第15回広島アルミ杯若鯉戦が11月22日に広島市で打たれ、藤沢里菜女流名人・女流立葵杯・カマチ杯(22)が優勝。女性として史上初の快挙となった。広島アルミ杯若鯉戦は、30歳以下、七段以下の棋士が参加できる棋戦。名人戦リーグに在籍経験のある平田智也七段、孫喆七段らトップ棋士を撃破し、藤沢は栄冠をつかんだ。
「優勝は信じられません。早碁(持ち時間の少ない対局)だったので、集中している間に終わった感じで。(数日経った)今でも実感がありません」と藤沢。
女性が公式戦で優勝したのは初めてなので、一般的には「快挙」という表現になるのだろうが、業界では「ようやく、やっと」扉が開いたという思いで受け止められている。
男性と女性が同じ土俵で対戦する数少ない競技
囲碁は男性と女性が同じ土俵で対戦する数少ない競技だ。
将棋は「棋士」と「女流棋士」は全く違う世界だが、囲碁でいう「女流棋士」は女性である棋士という意味でしかなく、皆同じ、「(囲碁)棋士」なのだ。
これまで一般の公式戦での女性の優勝は、お隣の韓国でゼイ・ノイ九段が2000年に「国手」となったことがあるだけで、日本ではなかった。
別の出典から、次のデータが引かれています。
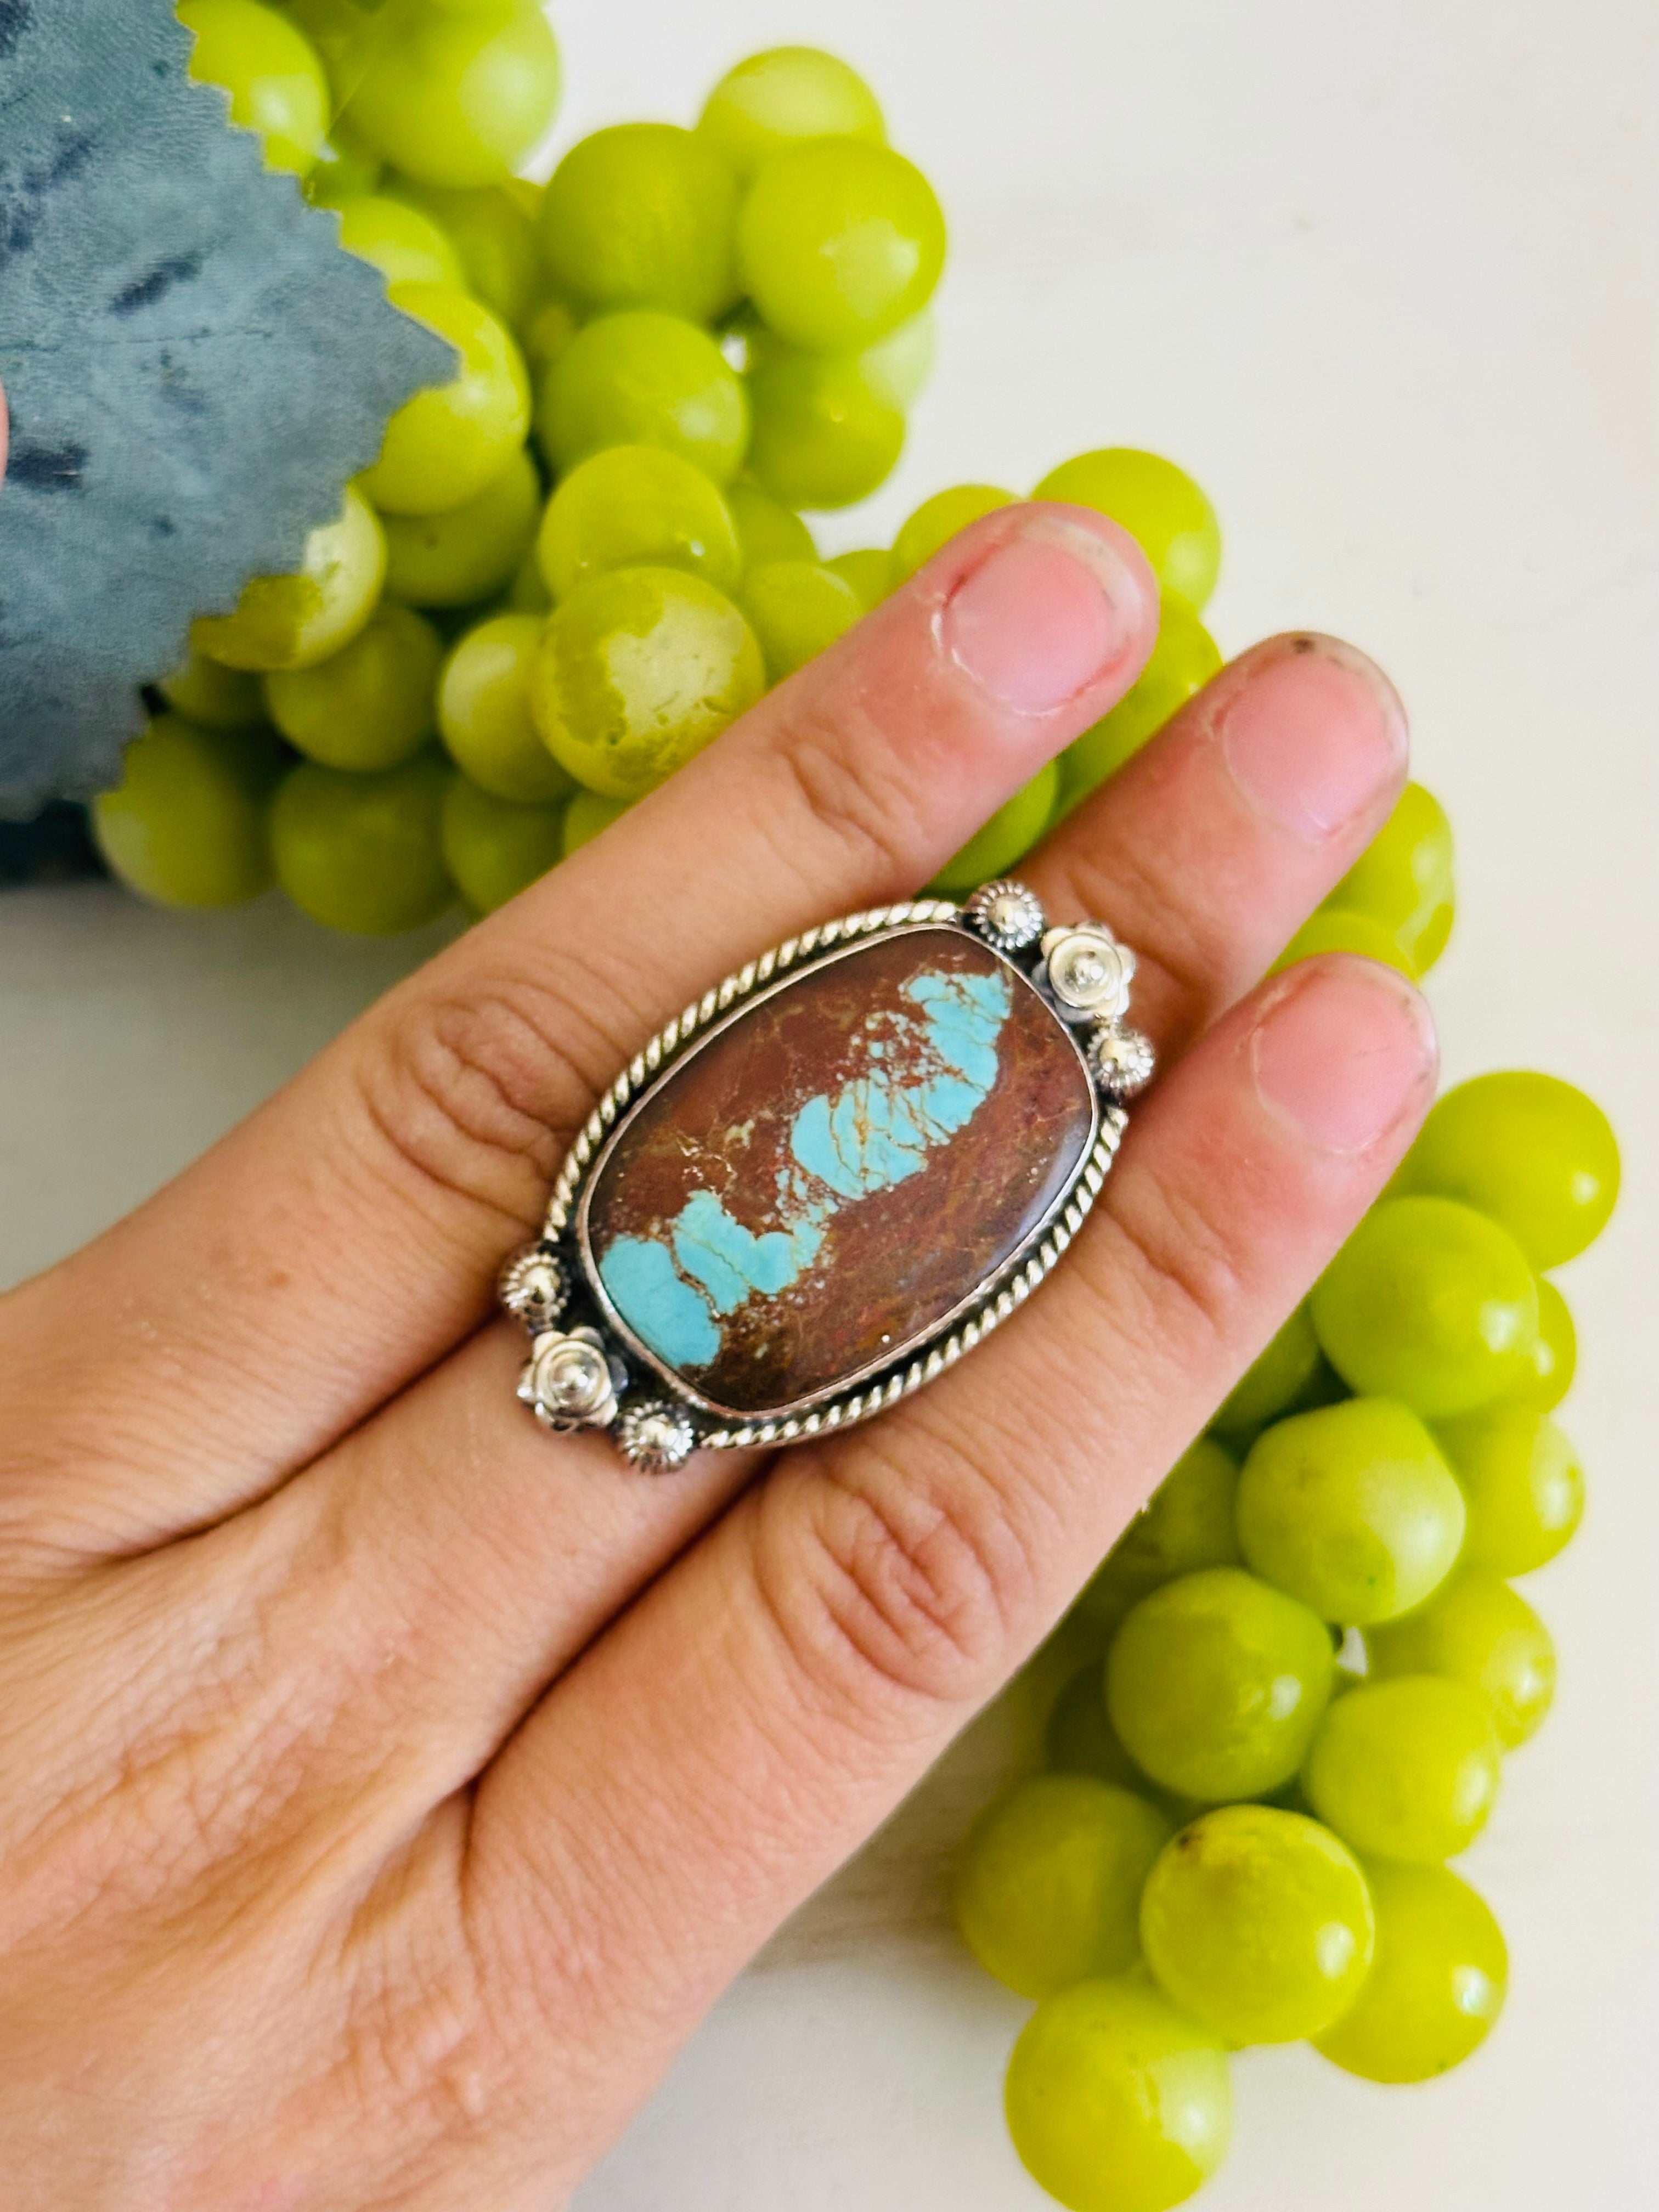 Southwest Handmade #8 Turquoise & Sterling Silver Adjustable Ring

とはいえ、非公式戦では第1回広島アルミ杯若鯉戦で謝依旻六段が優勝しているし、藤沢自身も4年前に17歳以下の若手棋戦でのちの名人である芝野虎丸二段(当時)に勝って優勝している。
これまで女性棋士の一般(男女一緒)公式棋戦での活躍は準優勝が最高で、2019年の竜星戦で上野愛咲美女流棋聖(当時)、1997年の新人王戦で青木喜久代七段(当時)らが到達している。
藤沢の実力は折り紙付きだ。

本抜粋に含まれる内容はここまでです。